Additional factors may influence the purchase price to an extent that the calculated deposit premium doesn’t necessarily bear a strong relationship to the value of the core deposit base to the acquirer. This influence is often less relevant in branch transactions where the deposit base is the primary driver of the transaction and the relationship between the purchase price and the deposit base is more direct. Figure 8 presents deposit premiums paid in whole bank acquisitions as compared to premiums paid in branch transactions.
Deposit premiums paid in branch transactions have generally been less volatile than tangible book value premiums paid in whole bank acquisitions. Only two branch transactions with reported premium data have occurred year-to-date in 2024. For those transactions, the deposit premiums were 7.5% and 4.0%. The lack of branch transactions, though, is indictive of their value. With high short-term funding costs and tight liquidity, few banks have been willing to part with stable, low-cost core deposits.

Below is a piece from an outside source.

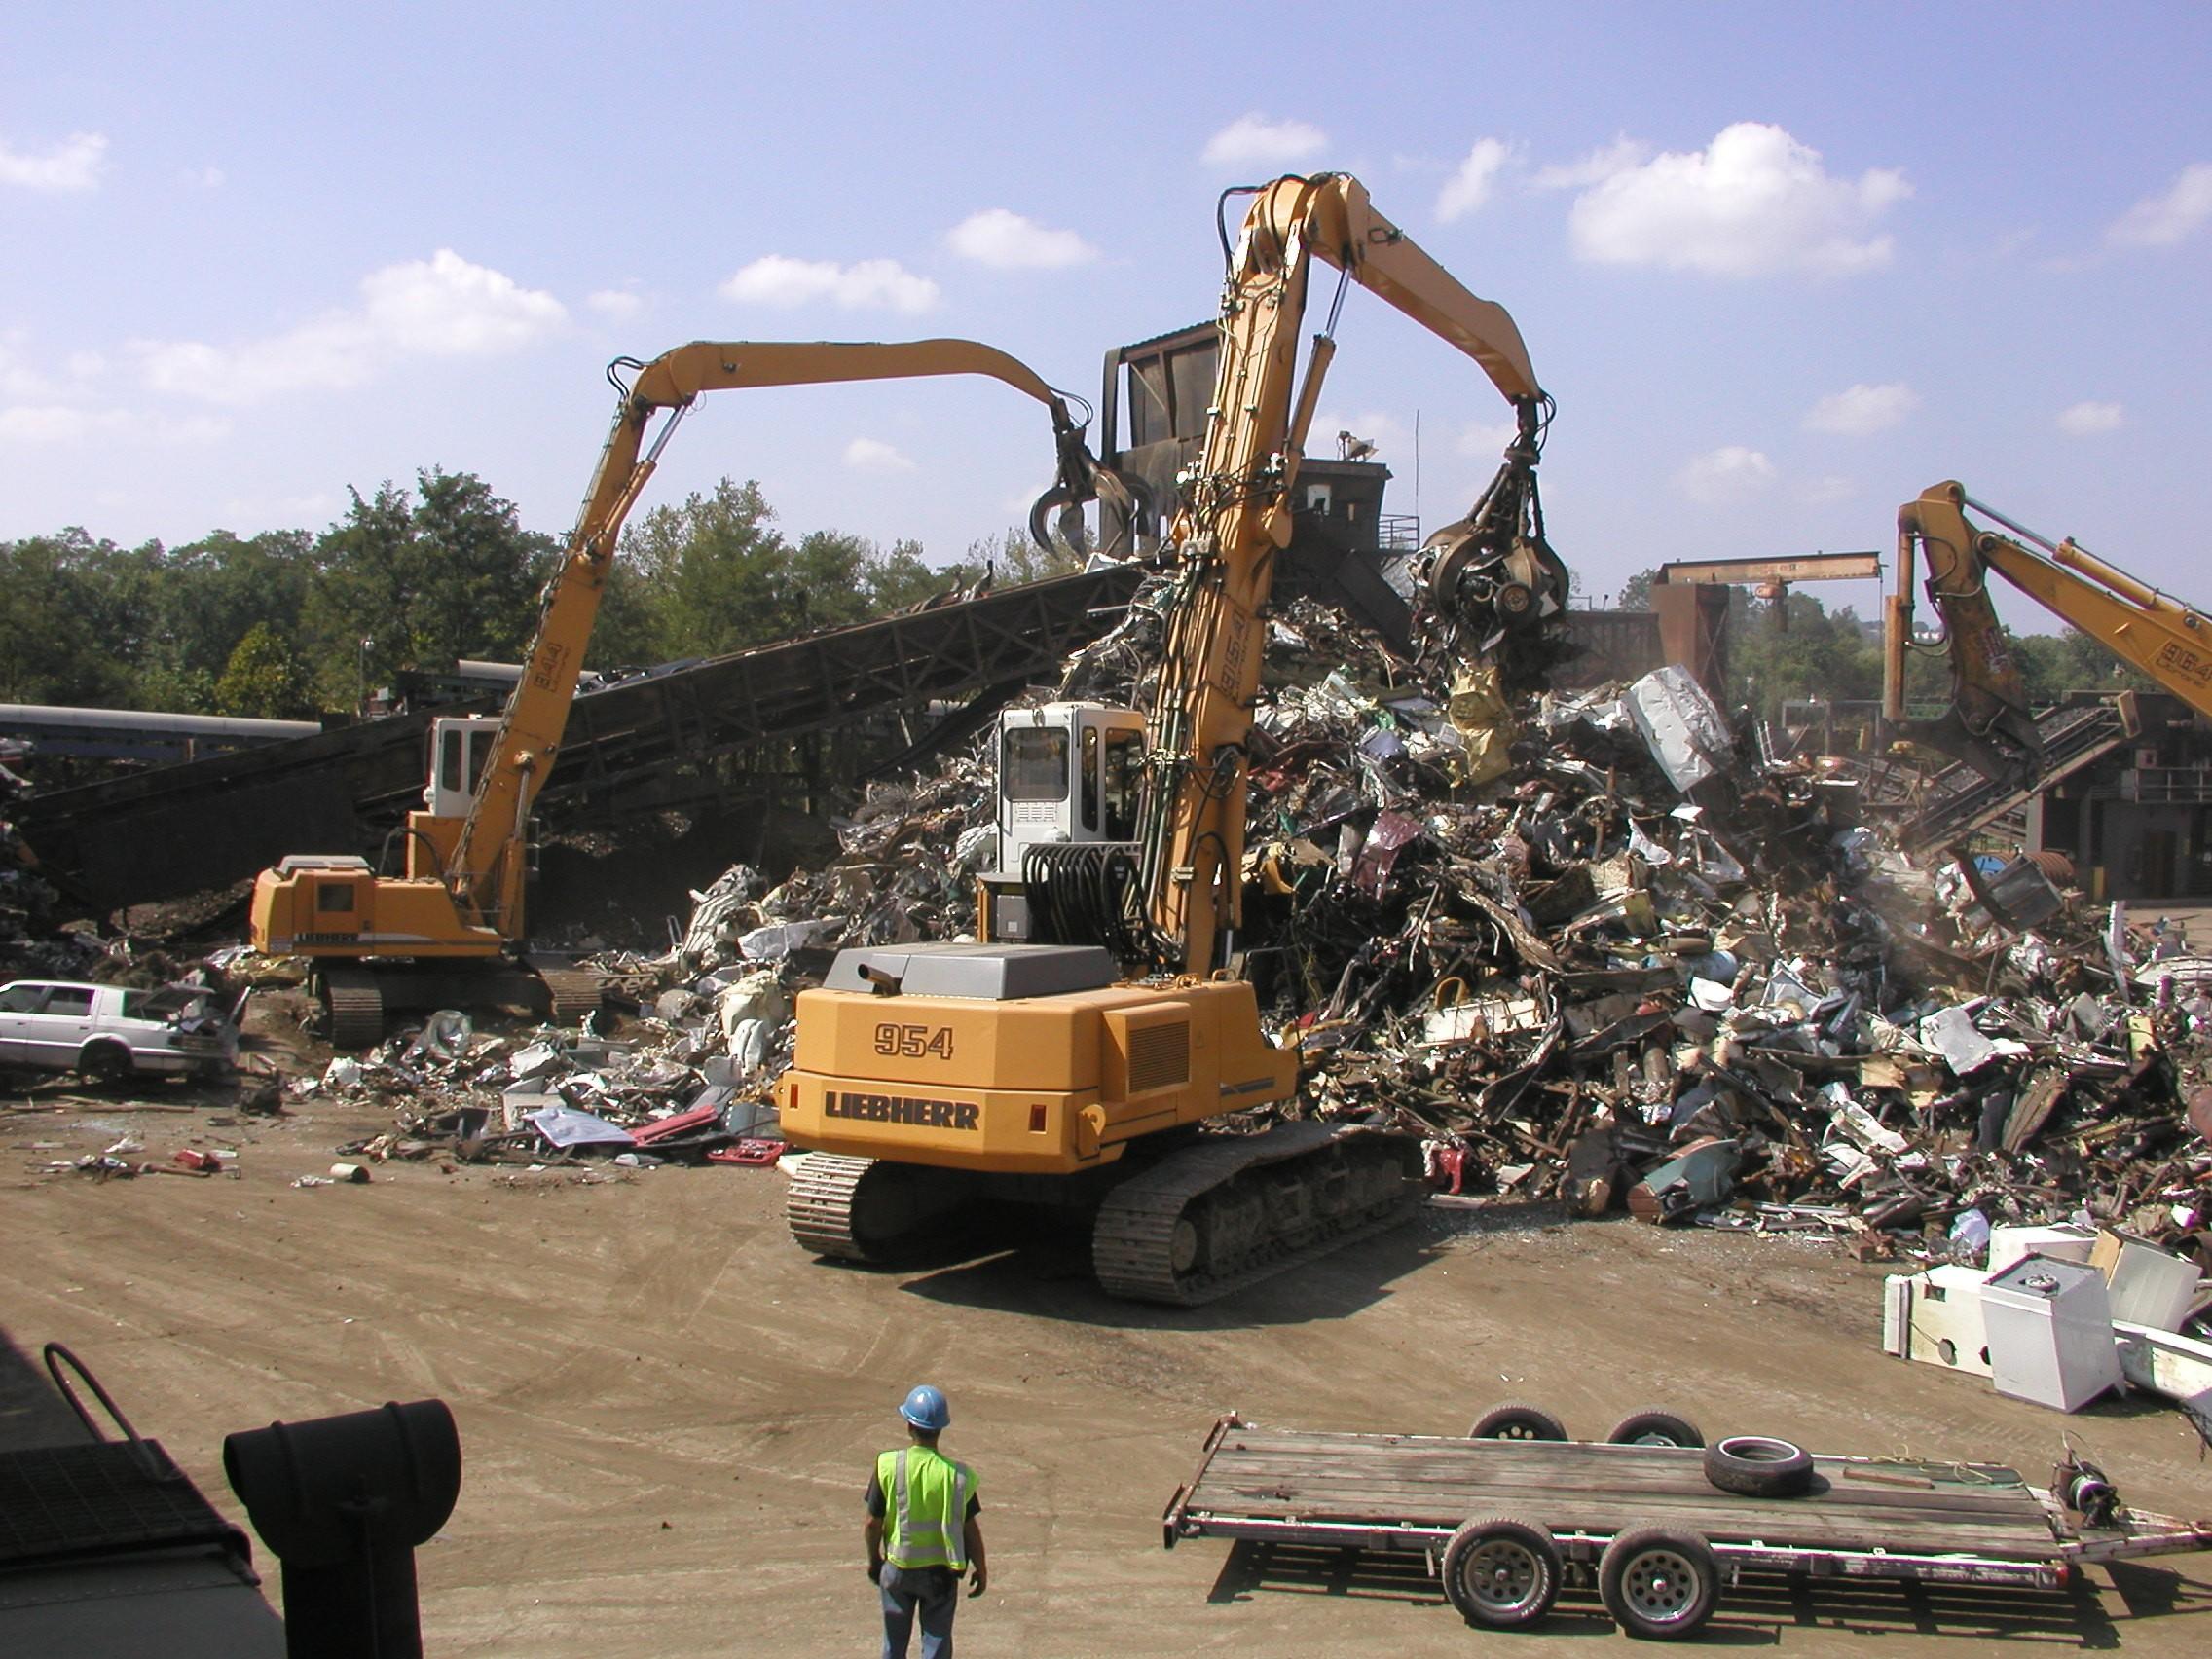 Patio para recolección y acopio de desechos, basura, residuos, material de reciclaje.

Figure 7: CDI Recorded vs. Deposit Premium
Figure 8: Average Deposit Premiums Paid
Based on the data for acquisitions for which core deposit intangible detail was reported, a majority of banks selected a ten-year amortization term for the CDI values booked. Less than 10% of transactions for which data was available selected amortization terms longer than ten years. Amortization methods were somewhat more varied, but an accelerated amortization method, including the sum-of-the-years digits method, was selected in approximately two-thirds of these transactions.